How to Beat the Post-Holiday Financial Blues

By Caitlin in Debt
How to Beat the Post-Holiday Financial Blues

After all the festivities of the holidays are done and life returns to normal it can be extremely difficult to face the realities of your current financial situation. Overcoming post-holiday debt is on the top of most people’s New Year’s resolution list but more often than not the post-holiday blues get in the way. The start of a new year is worst time of the year for many people, too much work to be done, weight to be lost, life to straighten out and money to be saved. So with an endless amount of life choices to be made and issues to deal with how do you even begin to think about saving money and tackling debt?

You face it head on, don’t ignore your account balance and let your credit card statements be the inspiration you need to work hard and beat those post-holiday financial blues.

Take an Inventory of all Your Personal Finances

First things first, you need to know what you are dealing with. Don’t continue to be in the dark about your financial situation, gather all your statements and start planning.

  • Figure out what the problem is (if you think there is one); you need to know what to work on if you want to improve your finances. Start with your holiday spending, what did you spend on? Where could you have cut back? How much debt did you accumulate? If shopping and overspending is your main problem then your holiday credit card bills will definitely be the proof you need.
  • Stop buying things, stop spending unnecessarily and stop adding more debt on top of the debt you already have. Stay home and don’t temp yourself, the post-holiday sales are full of great deals but shopping will only add to your problems. Accumulating more debt means you’ll be paying more interest and it will take you even longer to become debt free. Only buy things with the money you actually have and leave your credit cards at home.
  • Now make a budget. Create a list of all your financial obligations, these are things you need to pay for or buy like food, rent and insurance. Now figure out how much money you have left over after you paid for all them. This is the money you need to use to start paying off your debts with and using to start an emergency fund or savings account with.

Be Tough and Figure out What Can be Cut

It’s time to be tough and honest with yourself. You need to decide what spending is essential to your life and what spending needs to be cut. Learn the difference between needs and wants and change your spending habits accordingly. Let your holiday credit card bills be the inspiration you need. Learn to create a shopping list and a spending plan; don’t make unplanned or spontaneous purchases.

If you’re having trouble deciding what’s essential and what is non-essential, here are some examples of things you can probably cut from your budget.

  • Unnecessary gas and parking fees. Take public transportation or walk when possible.
  • Stop taking cash advances from your credit cards, the interest is astronomical.
  • Cancel your cable or satellite. Or at least down grade your package.
  • Stop paying for expensive coffees every day, brew your own at home.

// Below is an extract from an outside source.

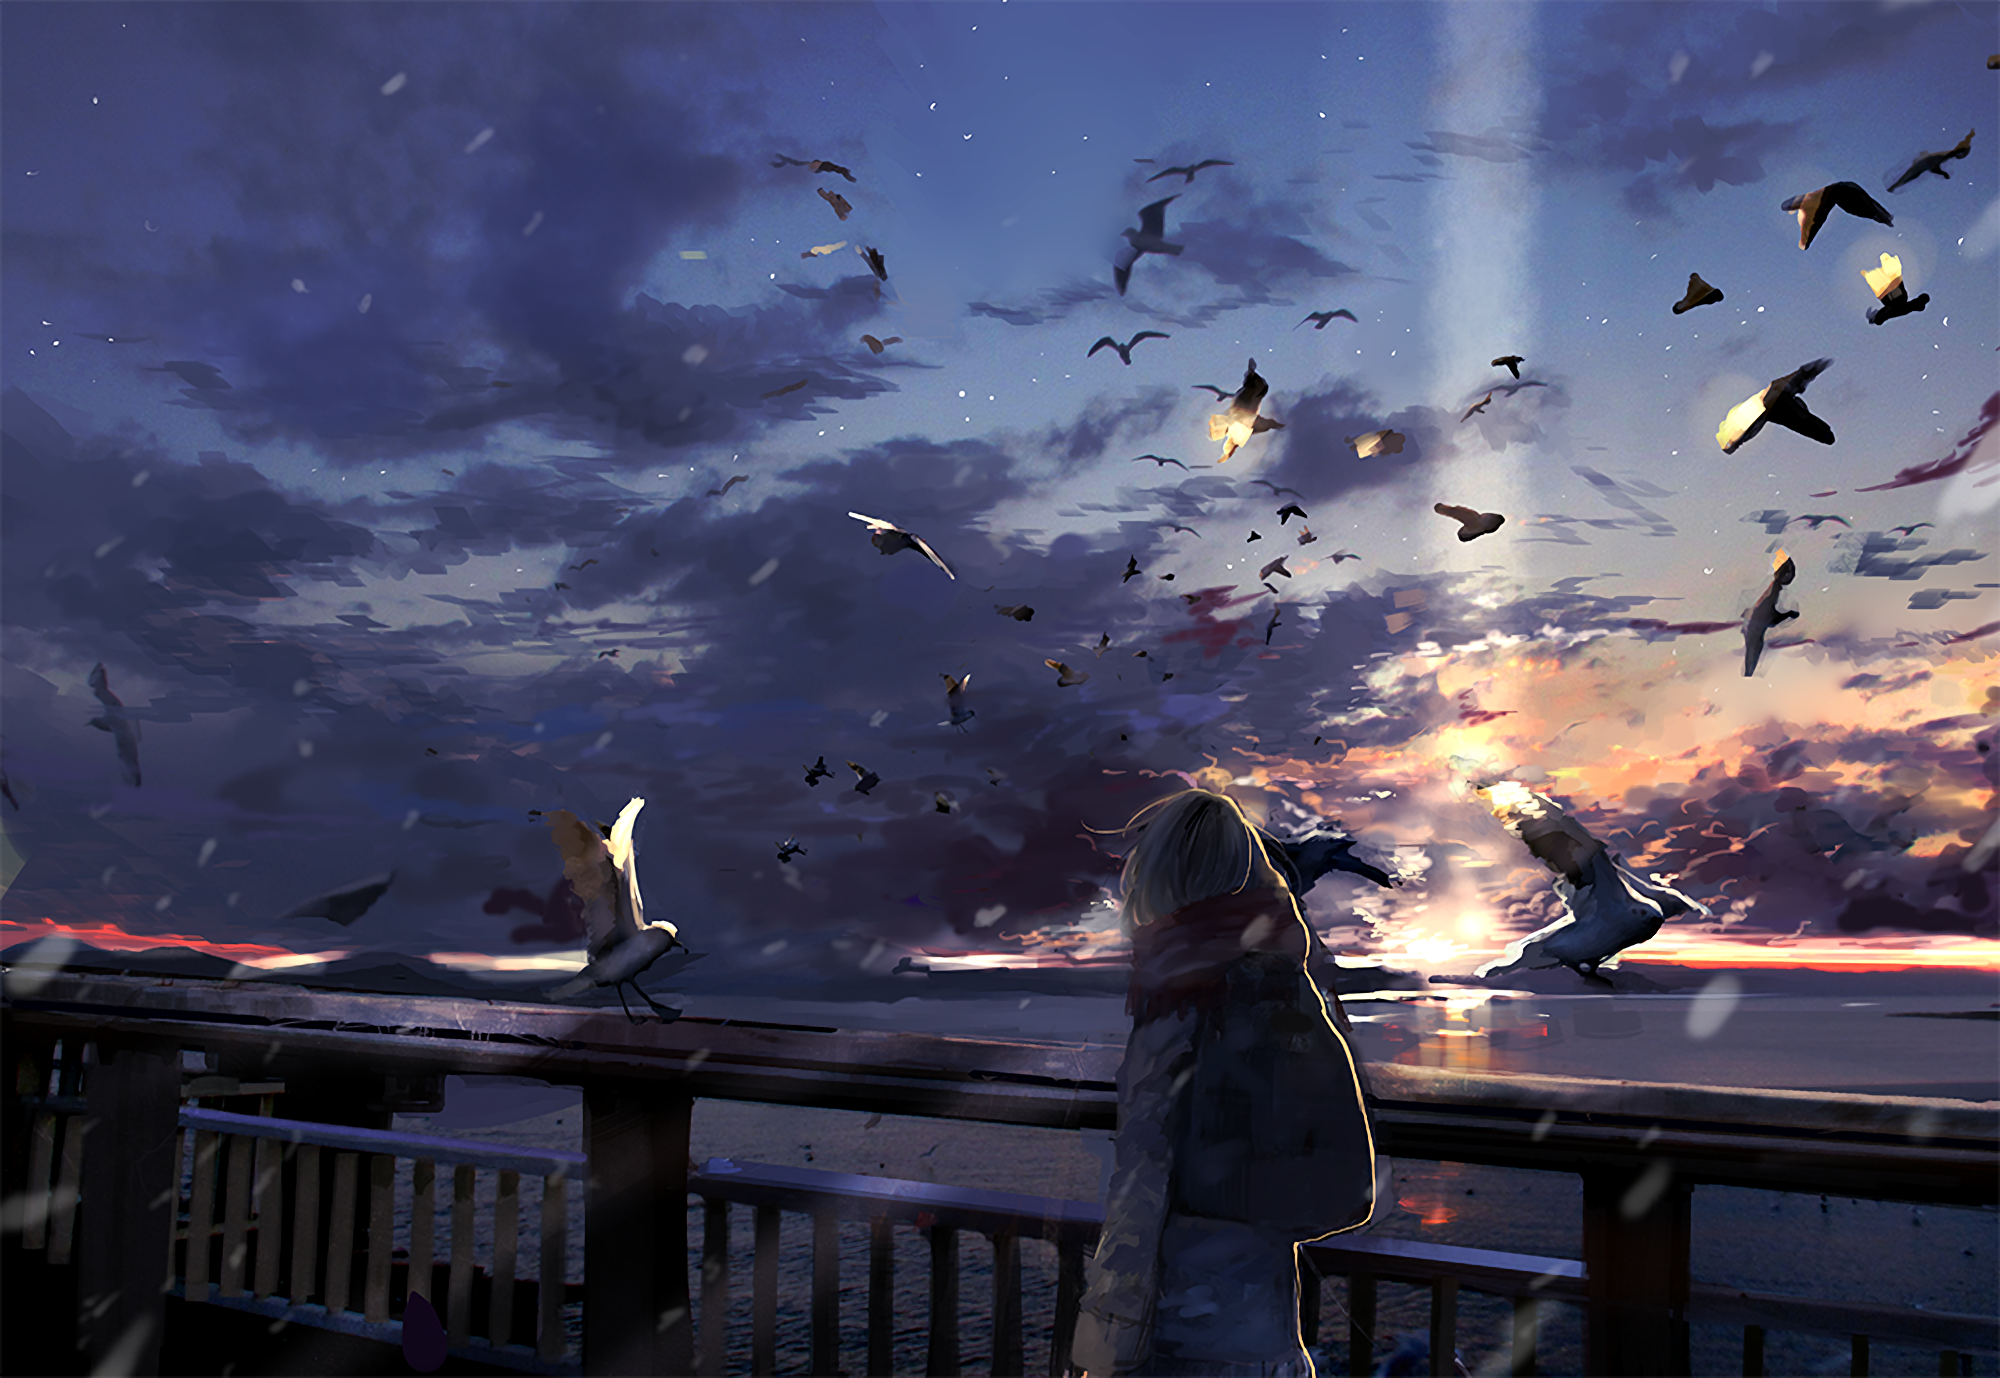 Bird Cloud Girl Original Anime Sky Sunset 2000x1378

Obviously you should be realistic about what you cut and try not to set yourself up for failure by cutting out everything. Being able to stick to your plan and your budget should be your top priorities so don’t make it harder than it needs to be. Maybe look for less expensive alternatives instead of completely cutting something out, that way you won’t feel like you’re making too big of a sacrifice.

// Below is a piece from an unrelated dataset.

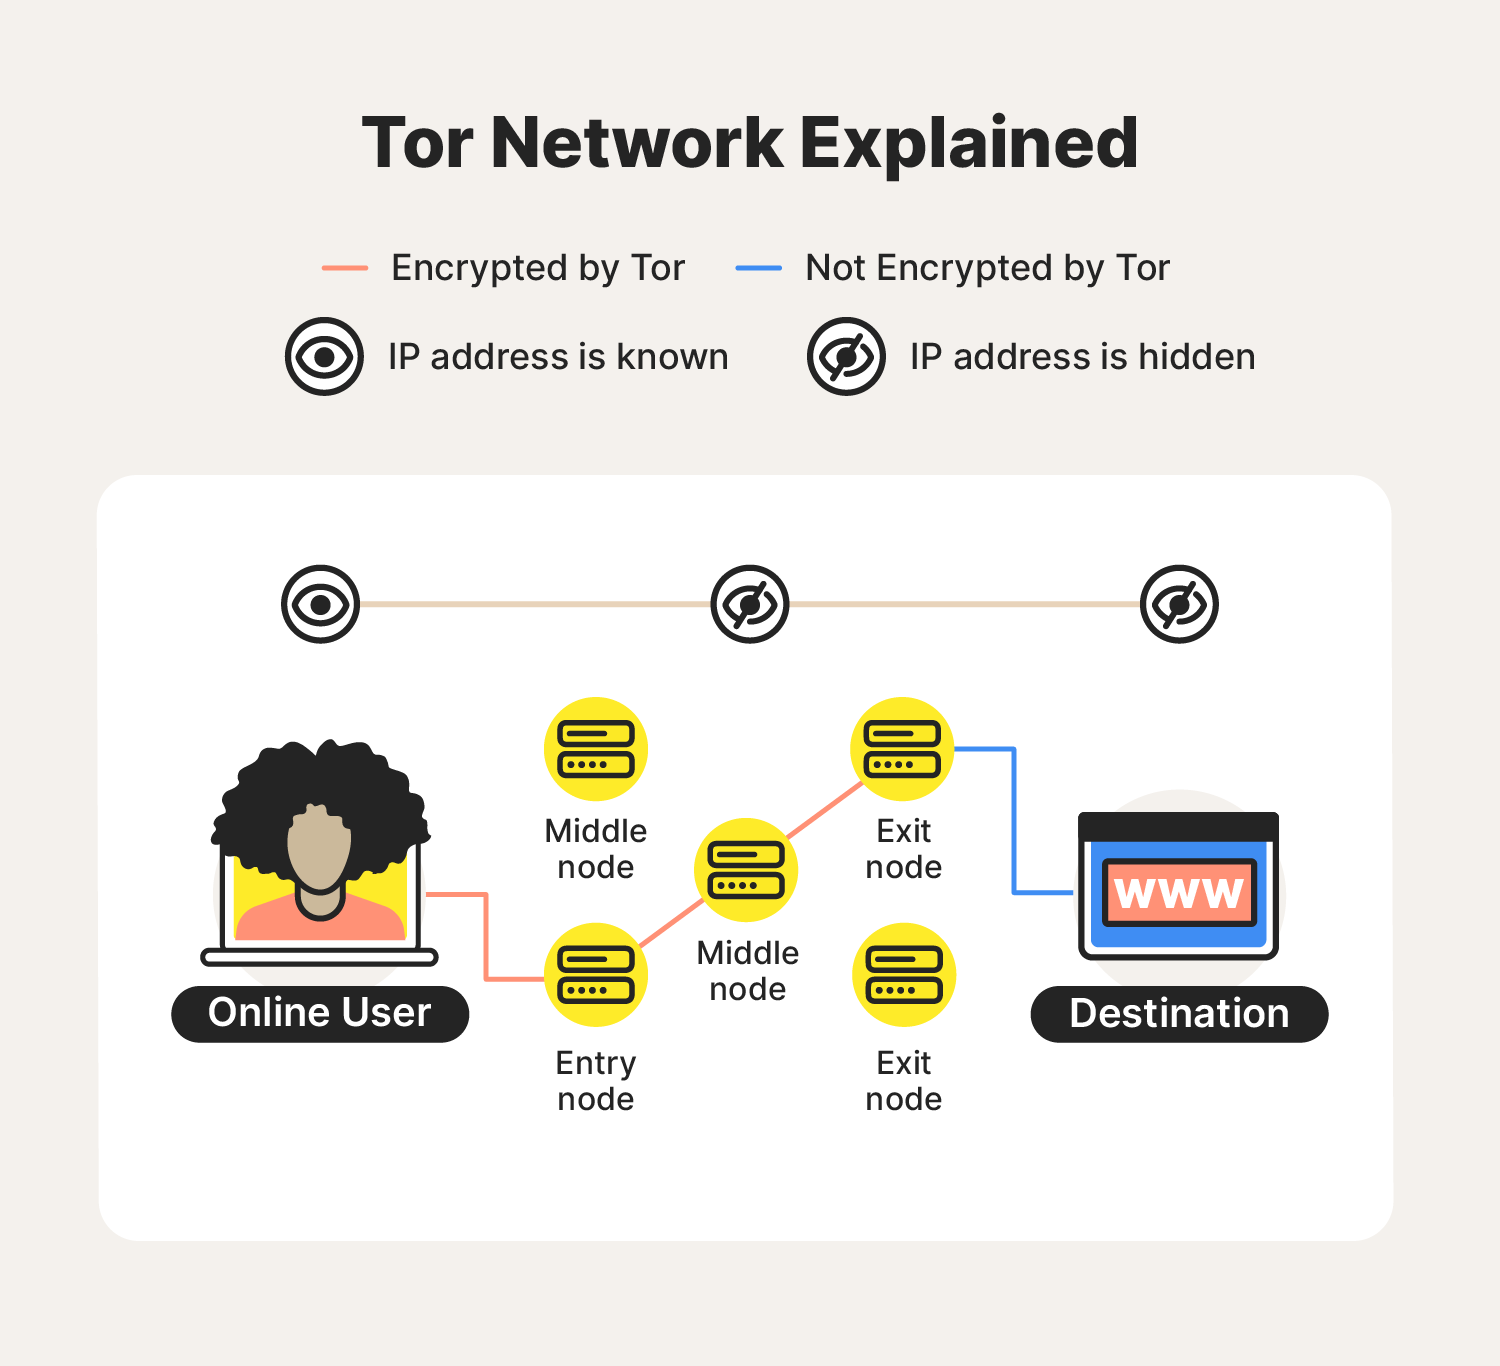 يشرح الرسم كيفية عمل شبكة TOR ، مع تسليط الضوء على اختلاف رئيسي بين شبكات TOR مقابل VPN

Start Working on Debt Repayment

Now that you’ve created a budget, finalized a spending plan and decided what expenses can be cut you need to start working on a debt repayment plan. Unfortunately debt repayment is a long process and depending on how much you owe, could take a couple of years. This is why you need to create a strategy and work on it diligently.

  • Pay more than the minimum that you’re required to pay each month; this is the only way you’ll get out of debt in a reasonable amount of time. The problem with credit card debt is that the interest continues to accumulate, thus making it very difficult to make a dent in your debt. Make sure that if you have more than one credit card you’re paying off the one with the highest interest rate first.
  • Make more than one payment. If you like making one large payment a month because it’s easier to keep track of then that’s ok, but no one ever said you can’t make more than one payment. If you end up having some left over money at the end of the month then do not hesitate to put it towards your credit card debt.
  • Consider Credit Counseling. If you’ve been tough with yourself and tried to cut back but you still can’t seem to stop over spending then maybe you need to seek outside help. Acknowledging that you need help is the first step towards taking control of your finances. There are plenty of options for you including credit counseling and debt management programs. These kinds of programs will help you deal with your debt and your creditors.

The post-holiday financial blues happen to the best of it, but it is how you deal with them once January comes that’s important. The best thing you can do it is to set realistic goals and be as organized as possible. Plan for all situations that way you won’t be caught off guard when a financial issue comes up. Repaying your holiday debt doesn’t have to be impossible, focus on your end goal and work towards ensuring that you have a healthy financial future.